Information provided:
»»

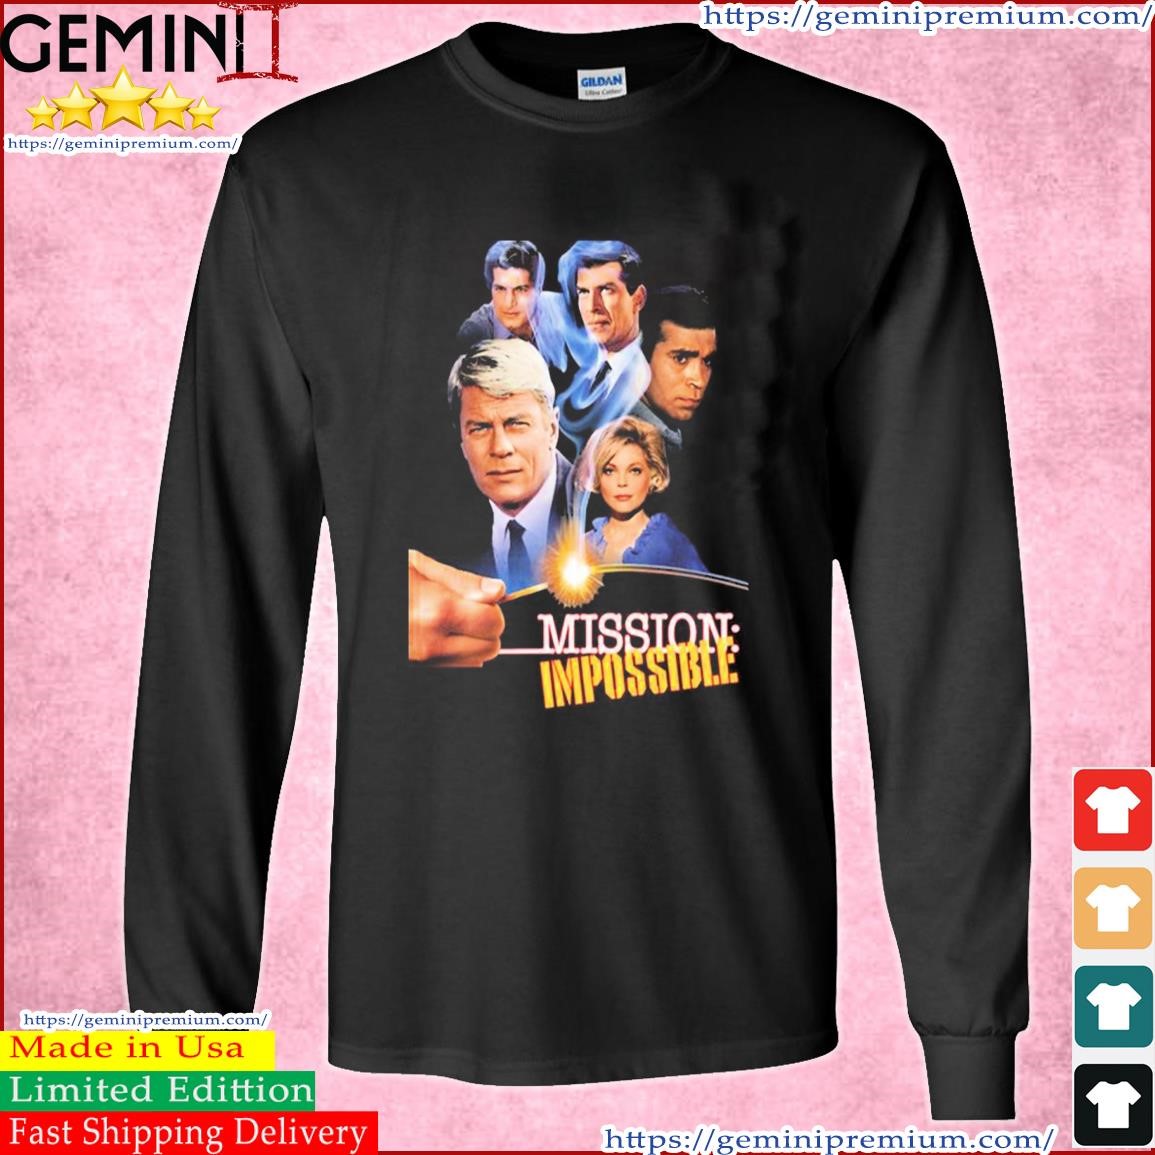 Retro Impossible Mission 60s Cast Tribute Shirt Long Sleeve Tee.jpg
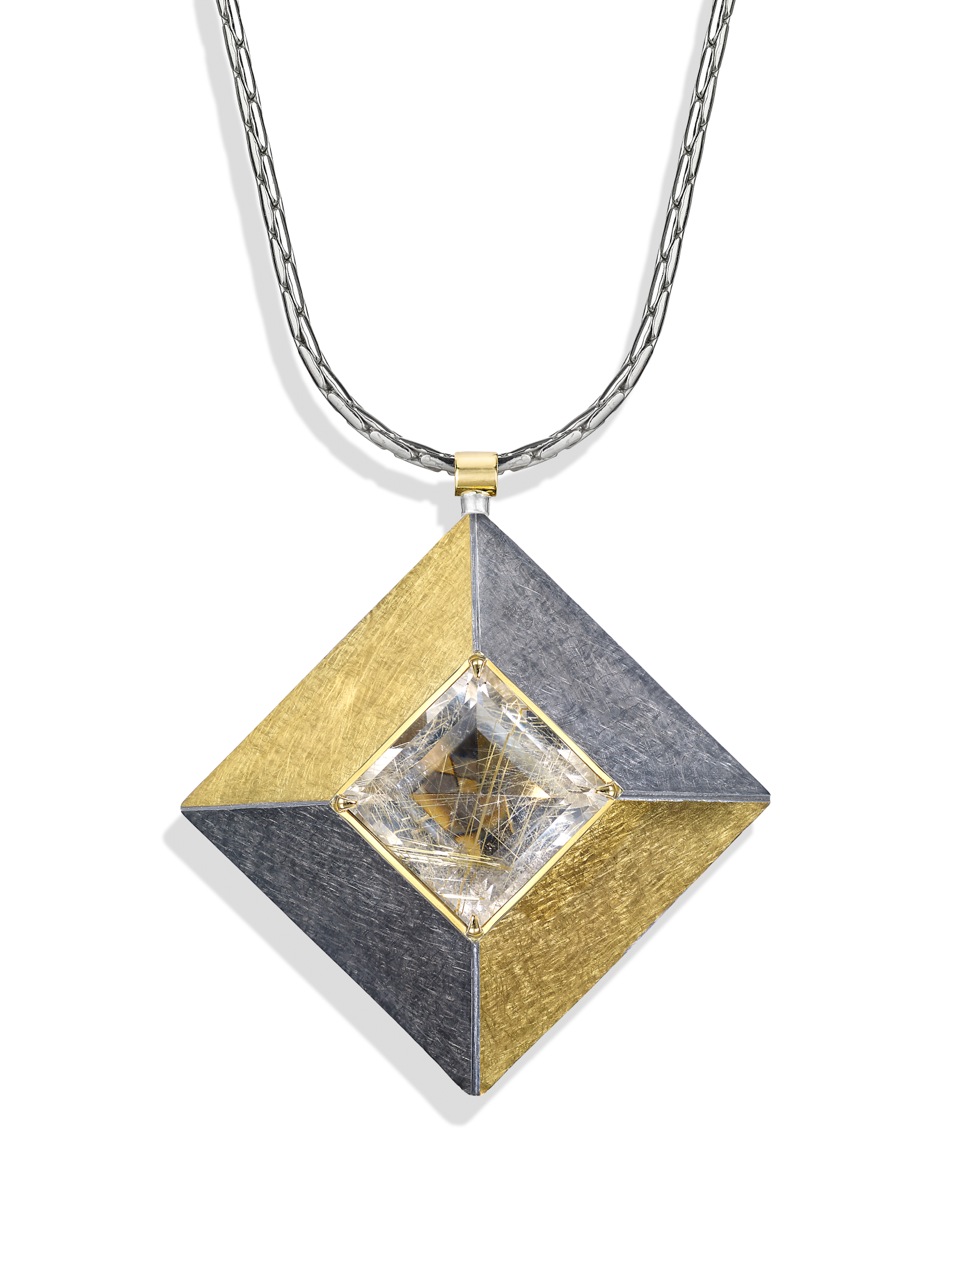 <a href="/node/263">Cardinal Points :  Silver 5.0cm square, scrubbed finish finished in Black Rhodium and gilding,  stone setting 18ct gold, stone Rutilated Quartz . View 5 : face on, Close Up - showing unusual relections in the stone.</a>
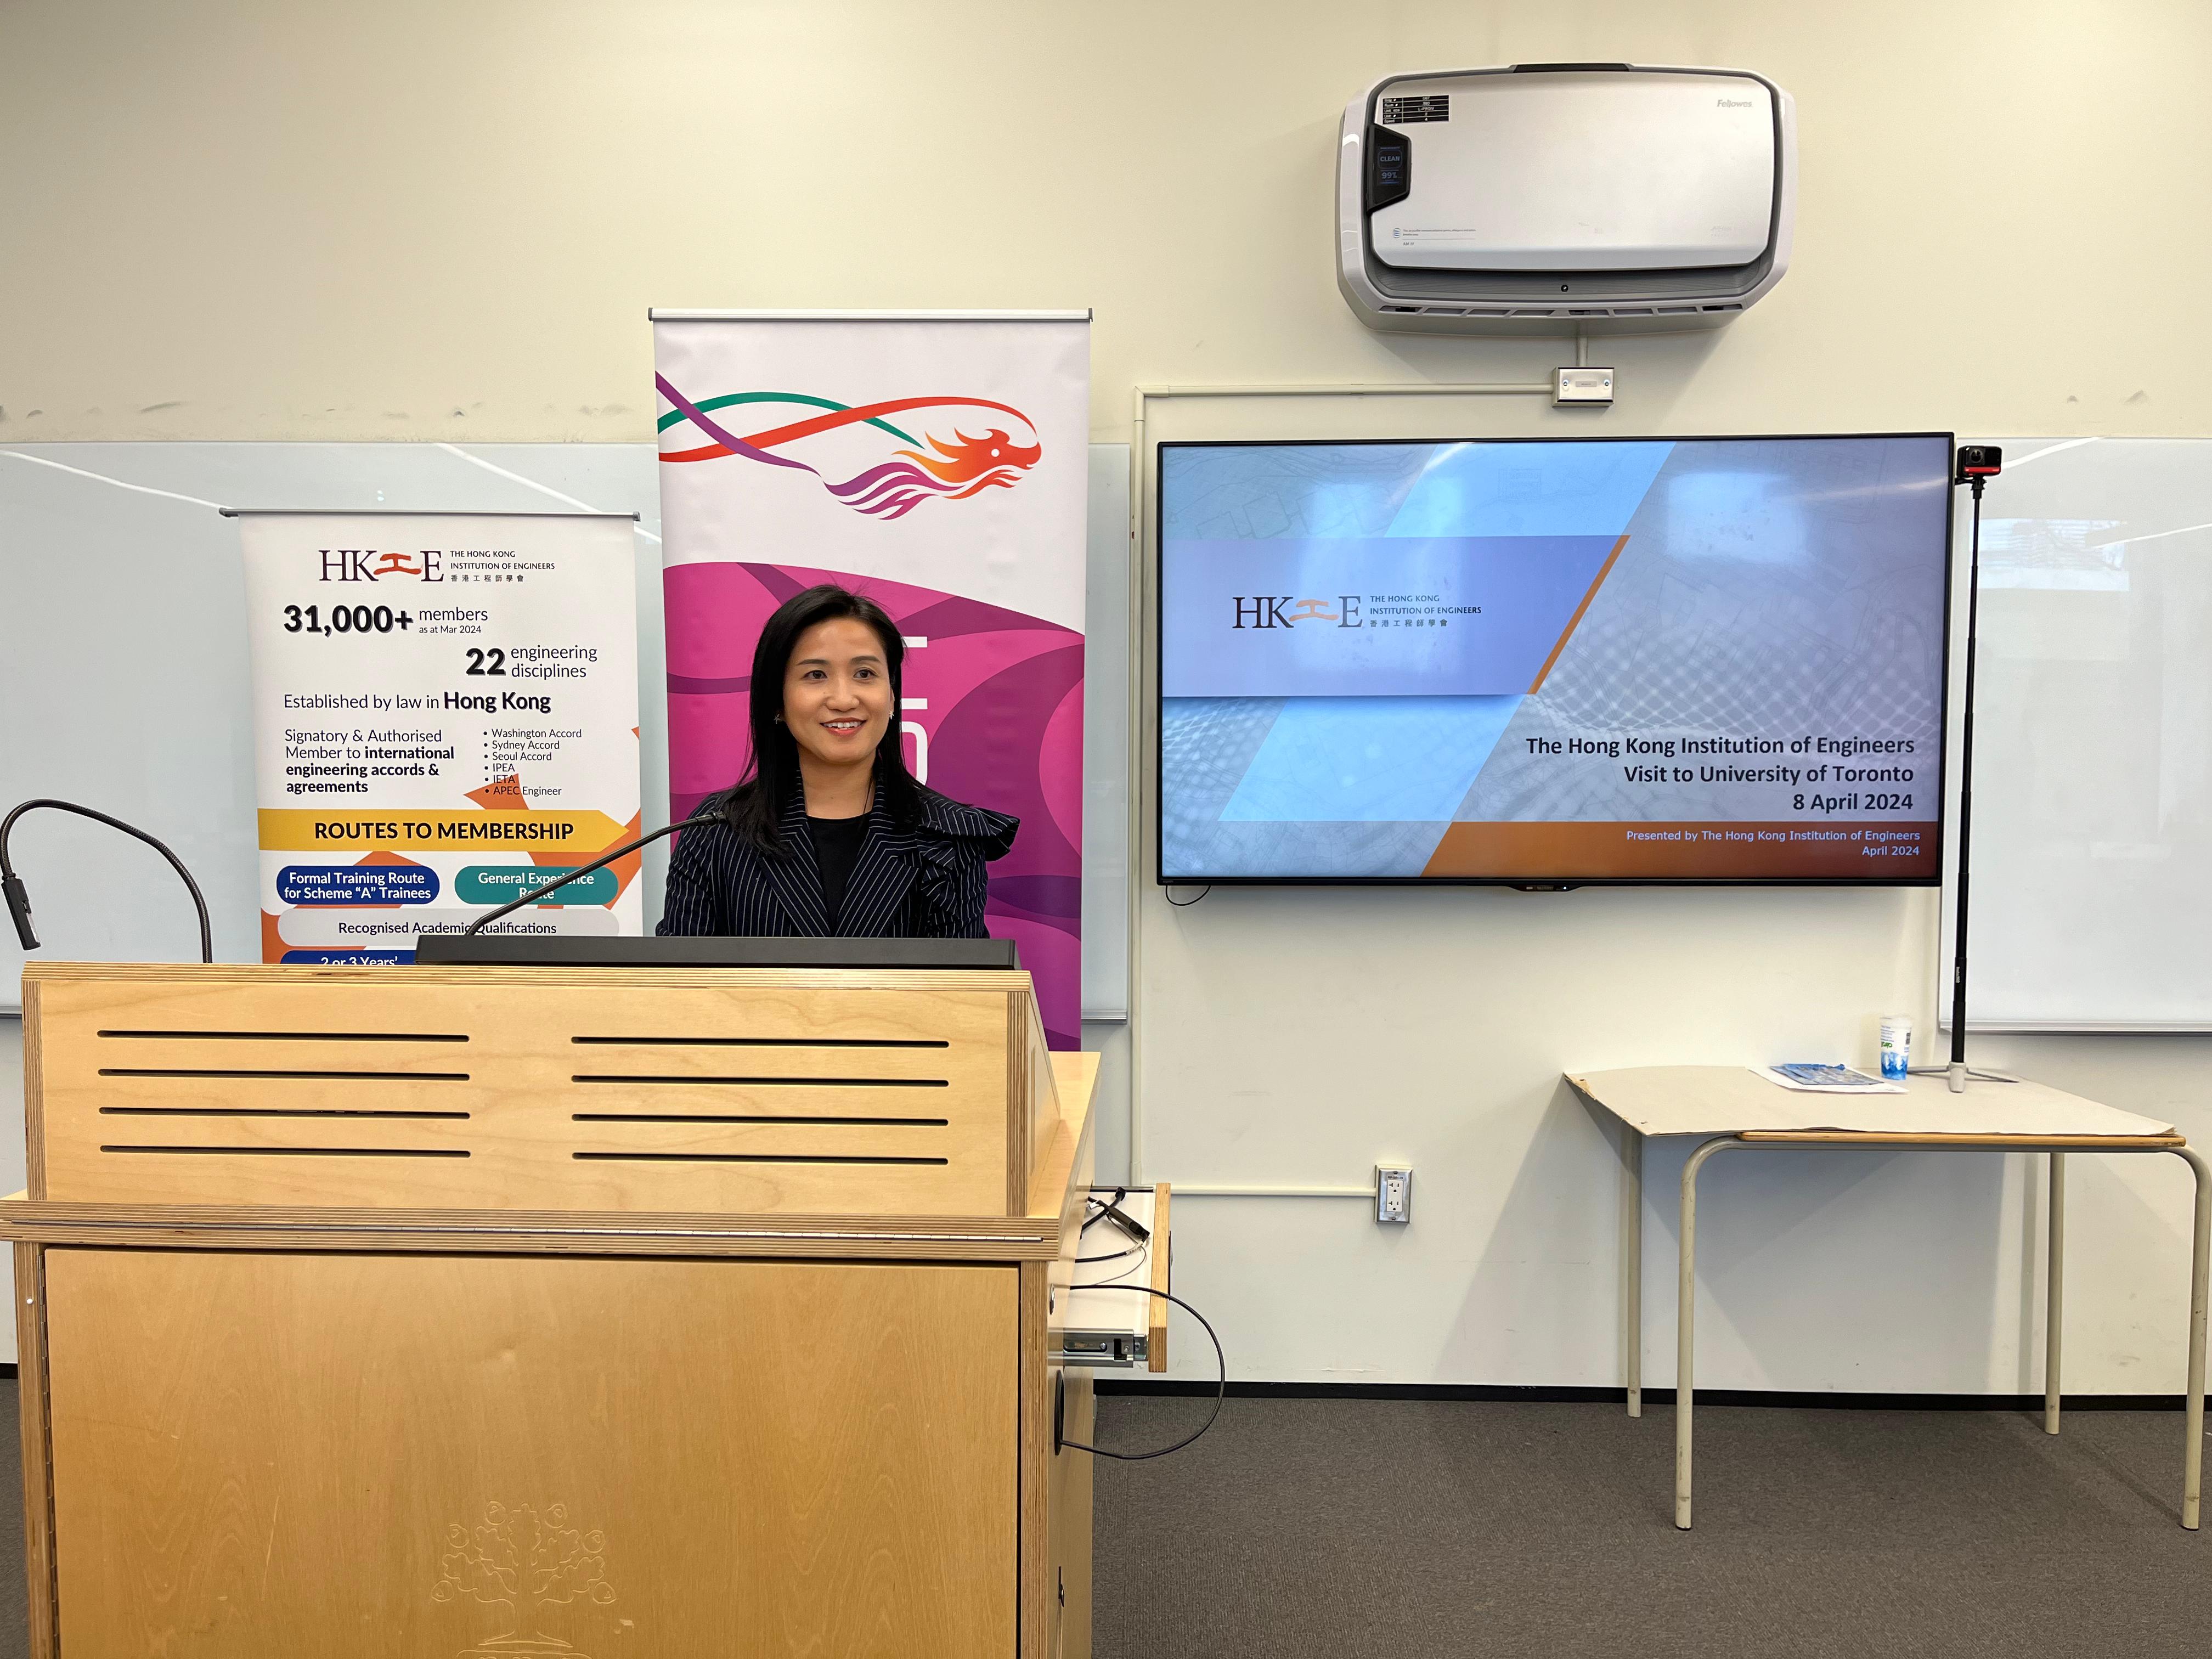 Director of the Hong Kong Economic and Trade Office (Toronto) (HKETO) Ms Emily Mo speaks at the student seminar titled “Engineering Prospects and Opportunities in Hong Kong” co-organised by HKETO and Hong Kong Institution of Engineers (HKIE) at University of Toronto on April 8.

««

Set down all of the material above exactly as written, leaving the pictures out.

 Retro Impossible Mission 60s Cast Tribute Shirt Long Sleeve Tee.jpg
 <a href="/node/263">Cardinal Points :  Silver 5.0cm square, scrubbed finish finished in Black Rhodium and gilding,  stone setting 18ct gold, stone Rutilated Quartz . View 5 : face on, Close Up - showing unusual relections in the stone.</a>
 Director of the Hong Kong Economic and Trade Office (Toronto) (HKETO) Ms Emily Mo speaks at the student seminar titled “Engineering Prospects and Opportunities in Hong Kong” co-organised by HKETO and Hong Kong Institution of Engineers (HKIE) at University of Toronto on April 8.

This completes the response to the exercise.